C’est une fierté et un honneur pour ce gouvernement d’accueillir sur son territoire le siège du Conseil de l’Europe, institution que la France apprécie, qu'elle aime et qu’elle devrait mieux connaître, ce qui n’est pas incompatible. Ceux qui vous connaissent vous apprécient et vous aiment ; les autres, il faut que nous leur fassions connaître votre existence et votre importance. Je le dis en associant les Parlementaires français qui siègent parmi vous et dont je connais l’engagement.
Notre attachement ne se limite pas à la présence à Strasbourg de quelques bâtiments, dont j’aurai tout à l’heure l’honneur d’inaugurer l’un des nouveaux fleurons ; il tient aux valeurs incarnées, portées et défendues par le Conseil de l’Europe. Cela est essentiel en ces temps de flottement. J’avais déjà été invité, vous l’avez rappelé, à m’adresser à votre Assemblée en juin 2000 lorsque j'étais ce représentant spécial du Secrétaire Général des Nations Unies pour le Kosovo.
Je me souviens de ces contacts et des réflexions essentielles que je vous dois sur un sujet qui nous occupe encore. Le sujet qui nous réunit aujourd’hui me passionne, m'obsède : la paix et les droits de l’homme, les droits de l’homme et la paix, la paix par les droits de l'homme. J'ai choisi de vous en parler aujourd'hui. Vous savez que cela me tient à cœur depuis longtemps : on dit que « les droits de l'homme, c'est la paix » ; cela c’est presque toujours vrai, mais pas toujours.

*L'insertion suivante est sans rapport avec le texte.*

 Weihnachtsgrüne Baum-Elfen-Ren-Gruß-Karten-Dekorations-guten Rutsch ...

Cette conviction était l’engagement fondateur des Etats membres du Conseil de l'Europe. Pour chacun, il s’agissait avant tout de « reconnaître le principe de la prééminence du droit et le principe en vertu duquel toute personne placée sous sa juridiction doit jouir des droits de l’homme et des libertés fondamentales ». Il y a soixante ans c'était un acte de foi : est-ce devenu un fait vérifiable ? Pas toujours. L’arrivée progressive de nouveaux Etats membres au Conseil de l’Europe, puis la vague d’adhésions qui a suivi le tournant des années 90, ont permis que l’ensemble du continent européen se retrouve uni au sein du Conseil autour d’objectifs et de valeurs partagés. Ce sont des progrès formidables.

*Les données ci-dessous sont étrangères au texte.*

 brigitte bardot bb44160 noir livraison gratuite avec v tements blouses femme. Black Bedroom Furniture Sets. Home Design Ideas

Ces progrès, quelques satisfactions, ne doivent pas nous immobiliser. Méfions-nous des identités hâtives et des raccourcis reposants. Tout va mieux, mais ce n’est pas suffisant. Les droits de l’homme sont un combat permanent. La paix n’est pas l’immobilisme. La défense de la paix n’est pas toujours paisible, au contraire. Il ne suffit pas d’aimer la paix et de la réclamer pour permettre son avènement. L’Europe, qui a connu tant de périodes d’espoir suivies de tant de désillusions, le sait dans sa chair. Le « Projet de paix perpétuelle » de Kant a précédé de quelques années à peine les massacres napoléoniens ; le pacte Briand-Kellog a précédé les plus grands massacres de notre histoire. Les droits de l'homme, même en progrès, ne doivent pas nous laisser en repos.

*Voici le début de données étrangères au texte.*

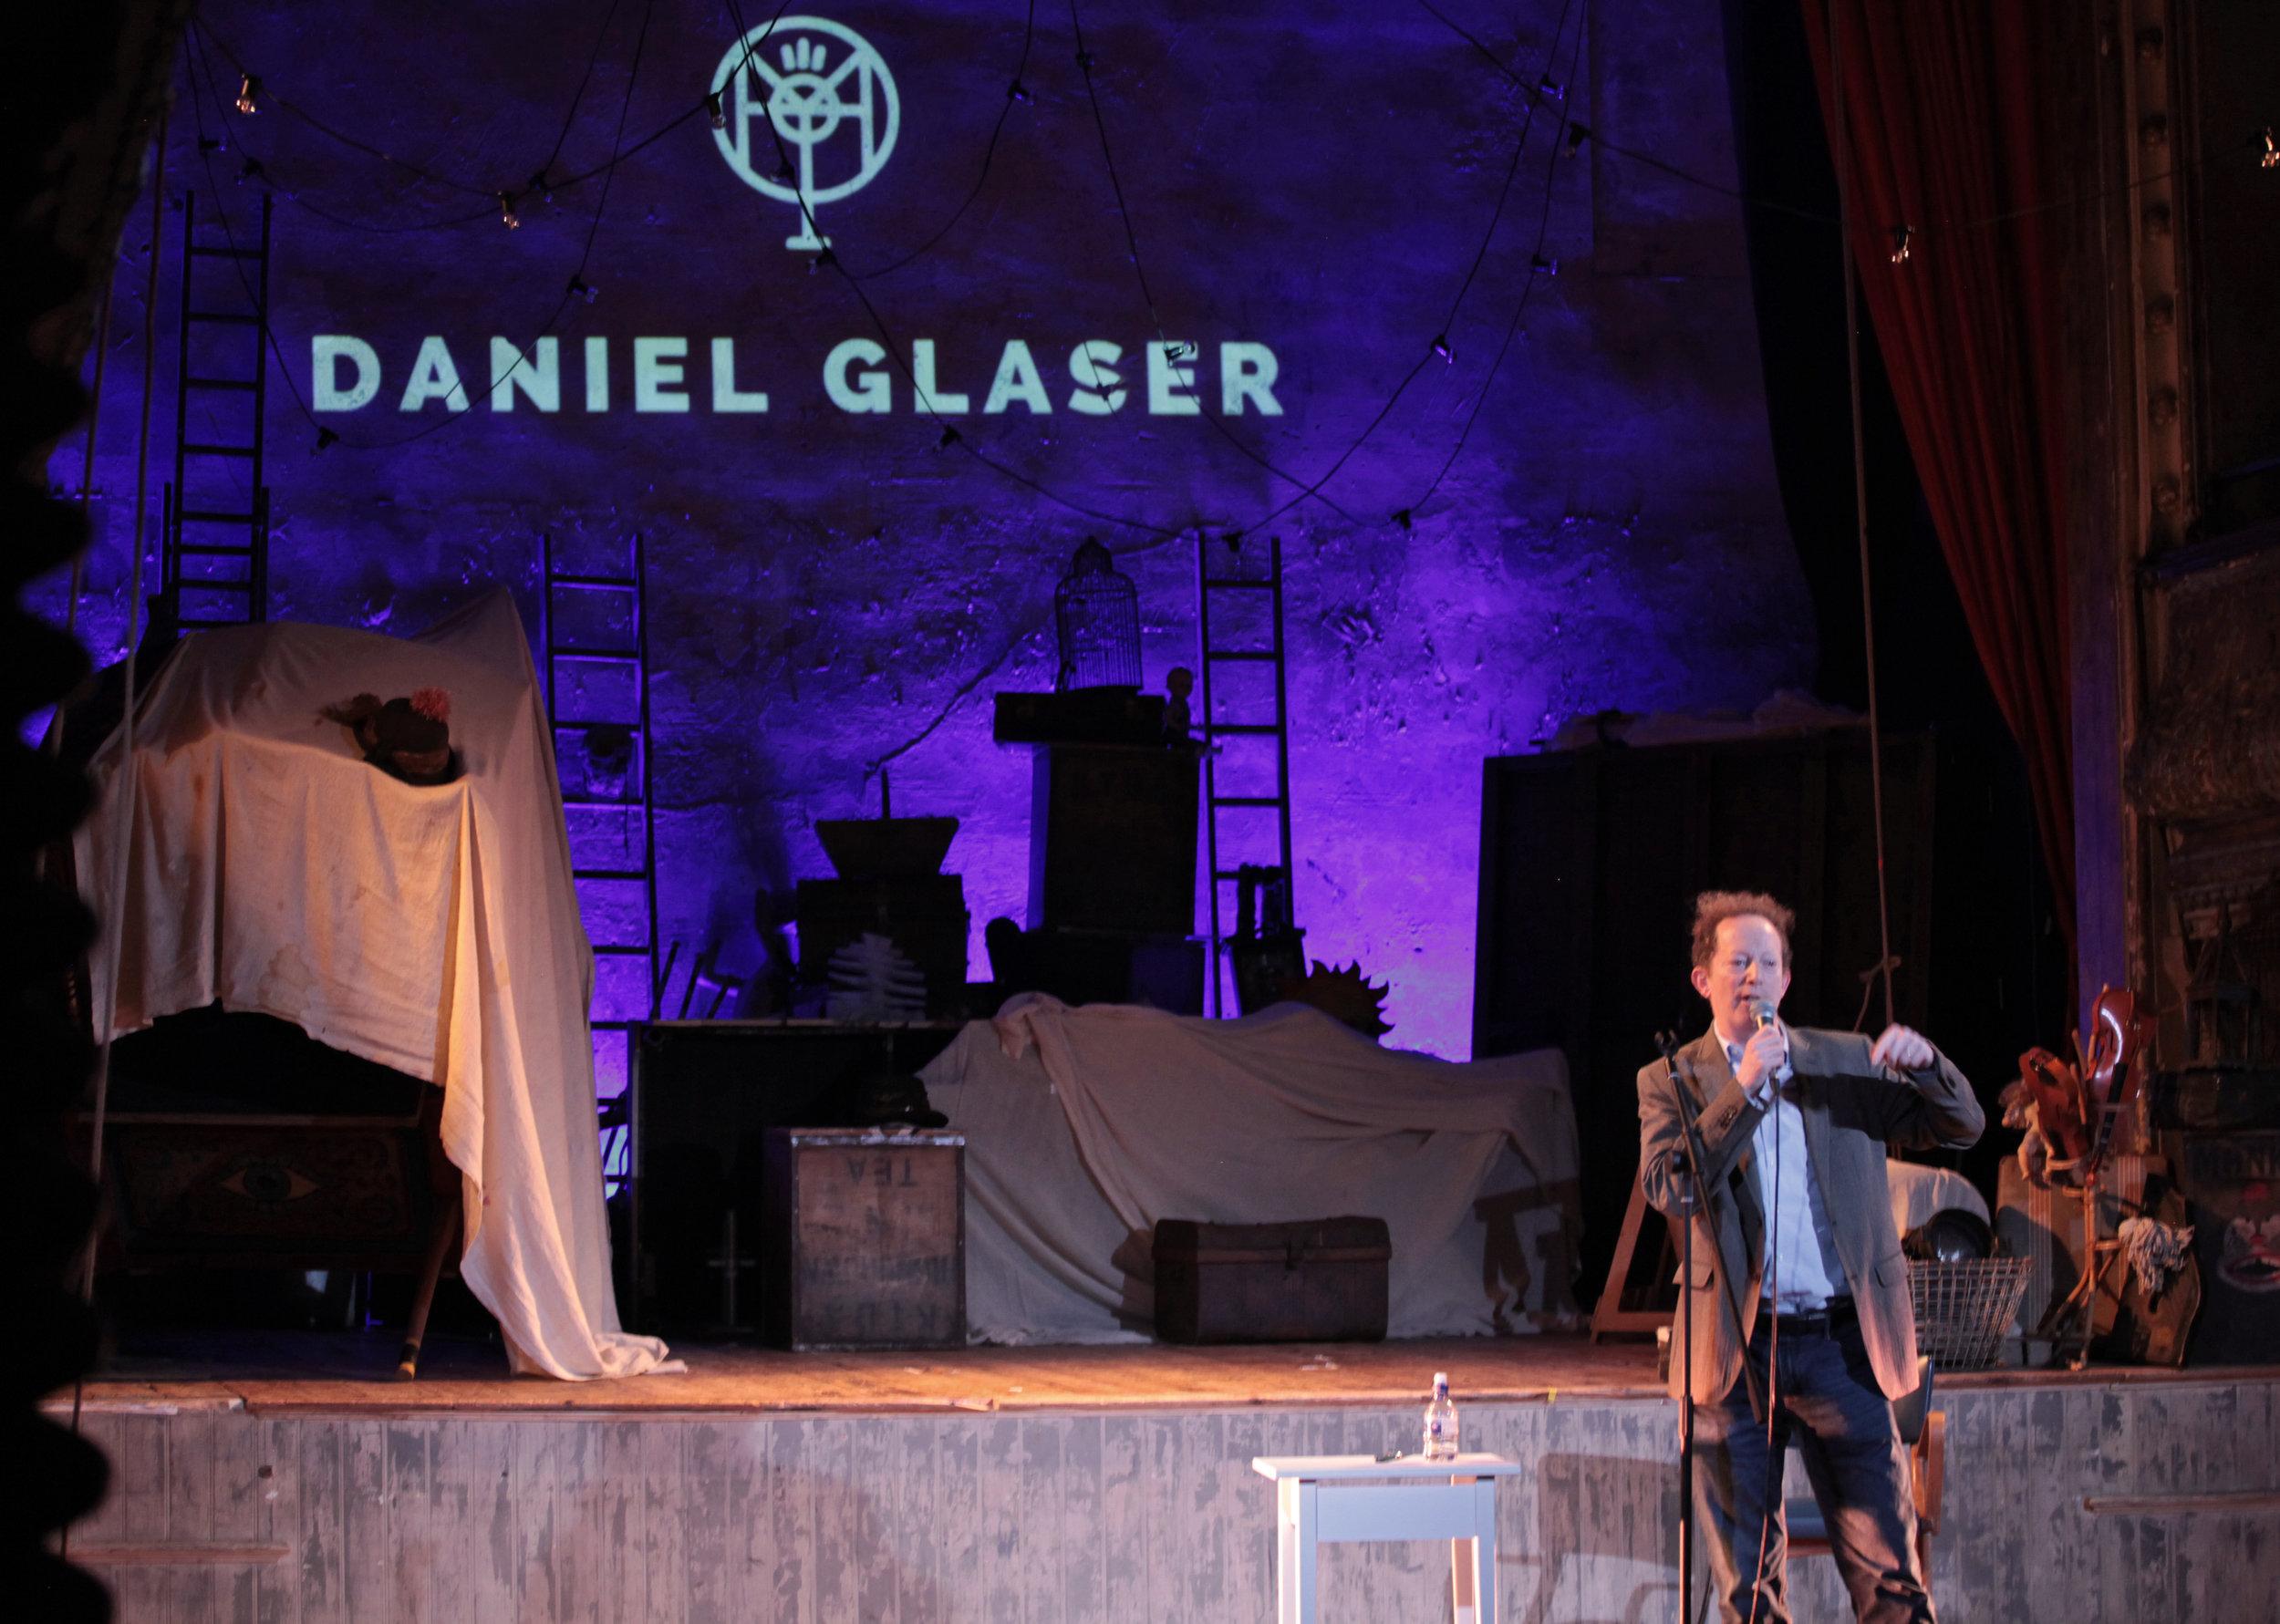 DanielGlaser1.jpg

La défense de la paix et celle des droits de l’homme vont évidemment de pair. Dans un monde idéal, la paix serait même le premier des droits de l’homme, mais notre monde – hélas ! – est un peu plus complexe, et la paix comme les droits de l’homme doivent composer avec des forces hostiles, avec des vents mauvais, avec des crises de foi. C’est le drame et la beauté des projets de Kant, de Briand ou de Kellog que d’avoir pêché par un louable excès d’optimisme. Ce combat pour les droits de l'homme se fait aussi en permanence contre soi-même et contre le conformisme.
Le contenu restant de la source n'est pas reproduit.